“Then it is settled, is it? We take the tent?” said Mrs. Vernon.

“Of course! Even Ruth must admit that it is a bargain,” returned the three girls in a chorus.

“I don’t know the least thing about costs of camping, and there seems so little hope of my ever participating in such joys!” retorted Ruth. But they all knew she was well pleased with the purchase.

That afternoon they went to work with a zeal hitherto unfelt, for they had a keen sense of proprietorship in something worth-while. Mrs. Vernon felt happy, too, over the way the girls voted to pay cash as they went, for she knew it meant individual freedom for each; and Ruth would soon be made to understand the meaning of “obligations” if she associated with three such practical girls.

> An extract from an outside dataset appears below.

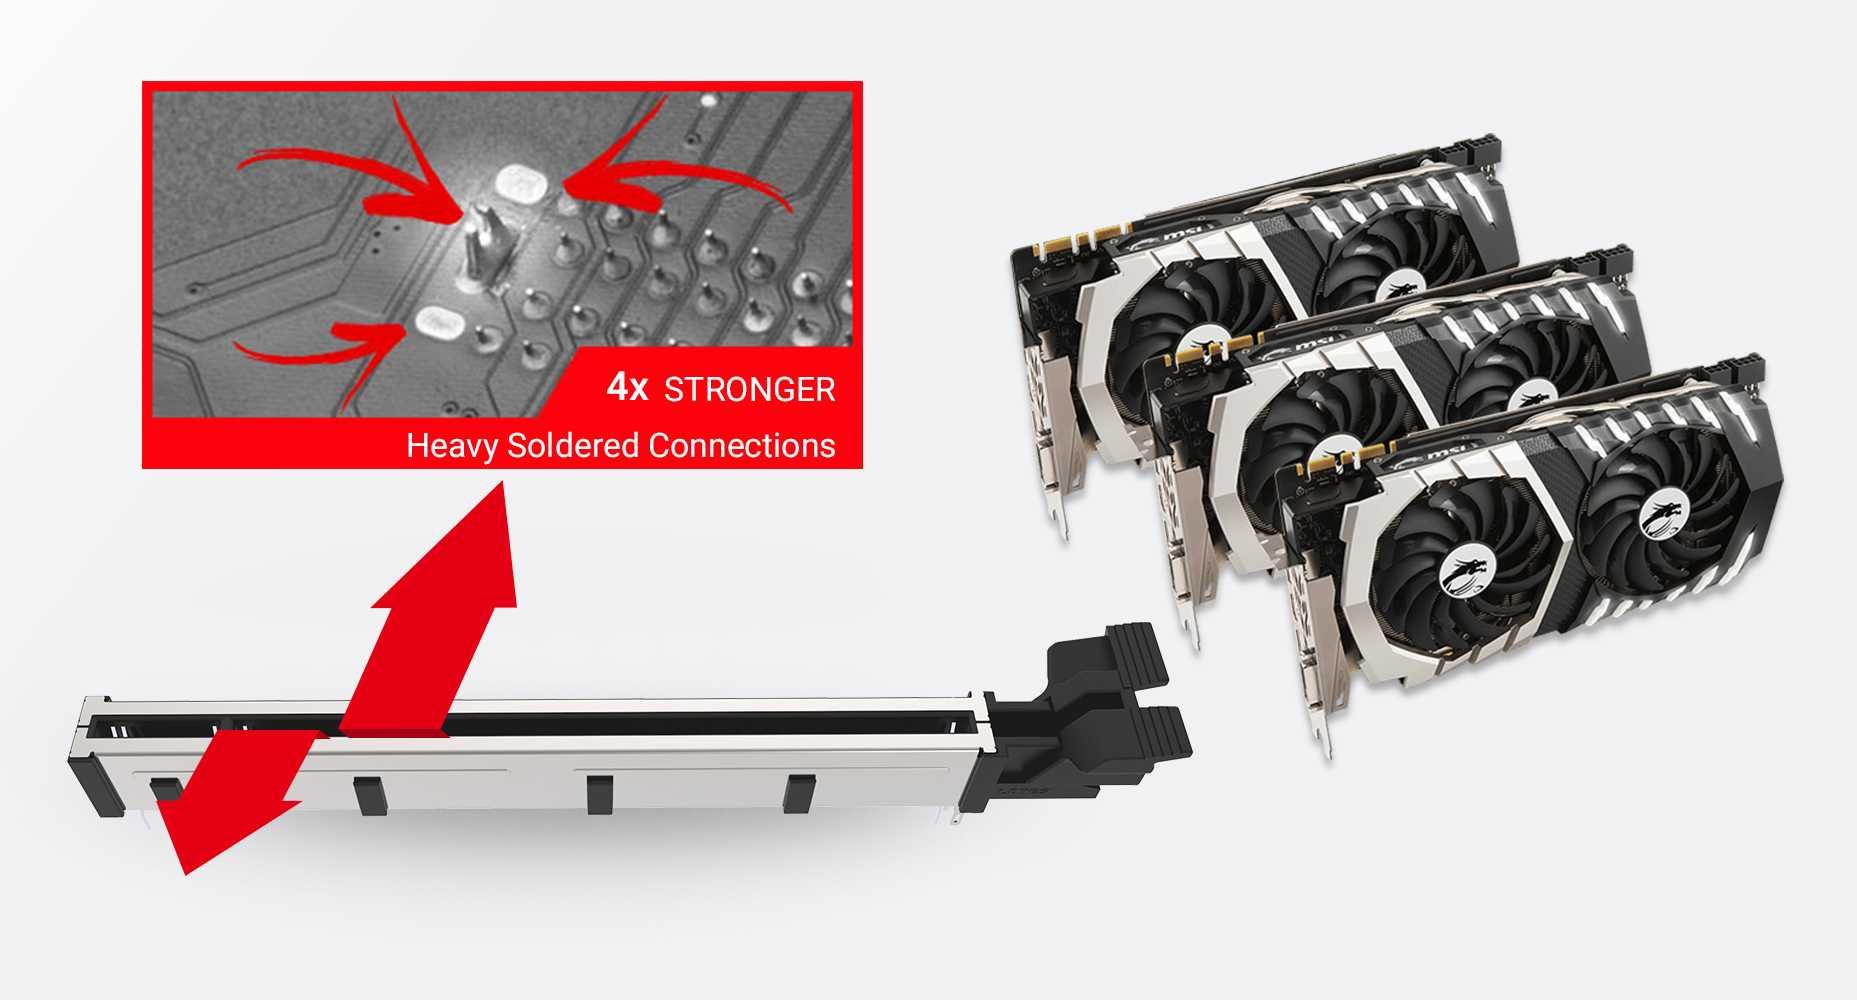 MSI MPG Z490 CARBON EK X MULTIPLE GPU SUPPORTS AND STEEL ARMOR

The moment the weeding was done for the afternoon, four eager girls assembled to hear about the “great secret.” Mrs. Vernon began by saying:

“Now I don’t want you girls to be disappointed in what I consider my fine secret, but I really think it is the only way out for this summer.”

Ruth sniffed audibly and sat with lifted eyebrows, as if to suggest: “Didn’t I tell you that tent would be all you got this year for your money!”

But Mrs. Vernon continued her preamble without hesitation.

“Even should you girls earn ten times the amount of money you are now receiving each afternoon, you would still lack enough to pay carfares to the Adirondacks, or the White Mountains. And as we agreed from the beginning never to borrow money for our scout work, such a long trip seems out of the question at present.

“Last night I sat puzzling over this situation, when a splendid idea flashed into my mind. I remembered a campsite in the mountains not so far from here, that will give us all the delights of the Adirondacks without the costs. A motor truck can carry our outfits instead of our shipping them by freight, and we can go there in my car, whenever we are ready to start.